The name of the file is either mrna.alidx or est.*.alidx and is associated with the a *.psl file of the same name. The columns are:

  • acc - GenBank or RefSeq accession
  • version - Version number, not including the accession
  • numAligns - Count of the number of alignments for this accession.

GenBank/RefSeq Data Database Update Step

This step is done for each browser database (species and assembly) on each database server. When building a new database, this process is run on the master database (genbank), and then the database pushed to hgwdev.

Genbank Status Table

This table (gbStatus) is used to keep track of the current version of the Genbank data this is loaded in the database. While some of this information is redundant to the mrna table, this data is only used by by the update. This table is updated last, so that it can be used to record form failures during update.

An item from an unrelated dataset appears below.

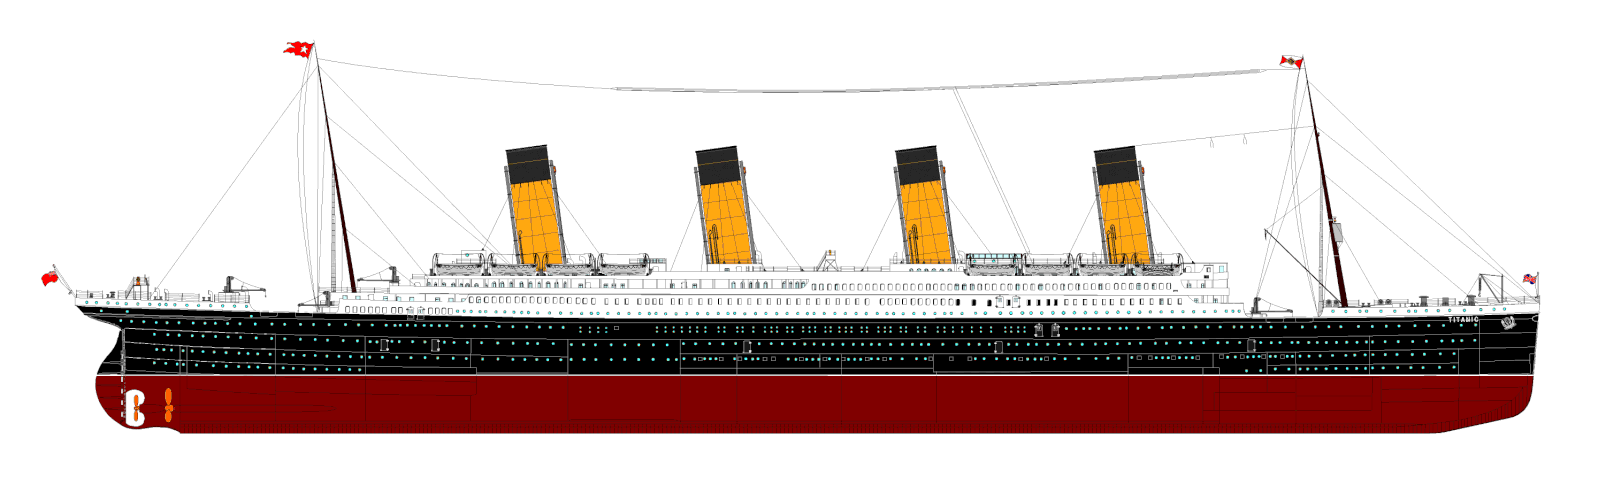 Titanic_Starboard_View_1912.gif

The columns of the tables are:

  • acc - GenBank accession
  • version - GenBank version number.
  • modDate - last modified date.
  • type - the type of the entry: EST or mRNA
  • srcDb - source database: GenBank or RefSeq
  • gbSeq - id in gbSeq table.
  • numAligns - number of alignments of the accession in the approriate track
  • seqRelease - release version where the sequence was obtained
  • seqUpdate - update where sequence was obtained (date or full
  • metaRelease - release version where the metadata was obtained
  • metaUpdate - update where the metadata was obtained (date or full)
  • extRelease - release version containing the external file
  • extUpdate - update containing the external file (date or full)
  • time - time that this entry was inserted

Genbank Loaded Table

This table contains the releases, updates and partitions that have been loaded. For a given partition, the updates containing gbidx or alidx files are compared to the gbLoaded table. If all of the updates are loaded, there is no need to do any more checking. This saves loading the alidx files and querying the gbStatus and gbSeq tables.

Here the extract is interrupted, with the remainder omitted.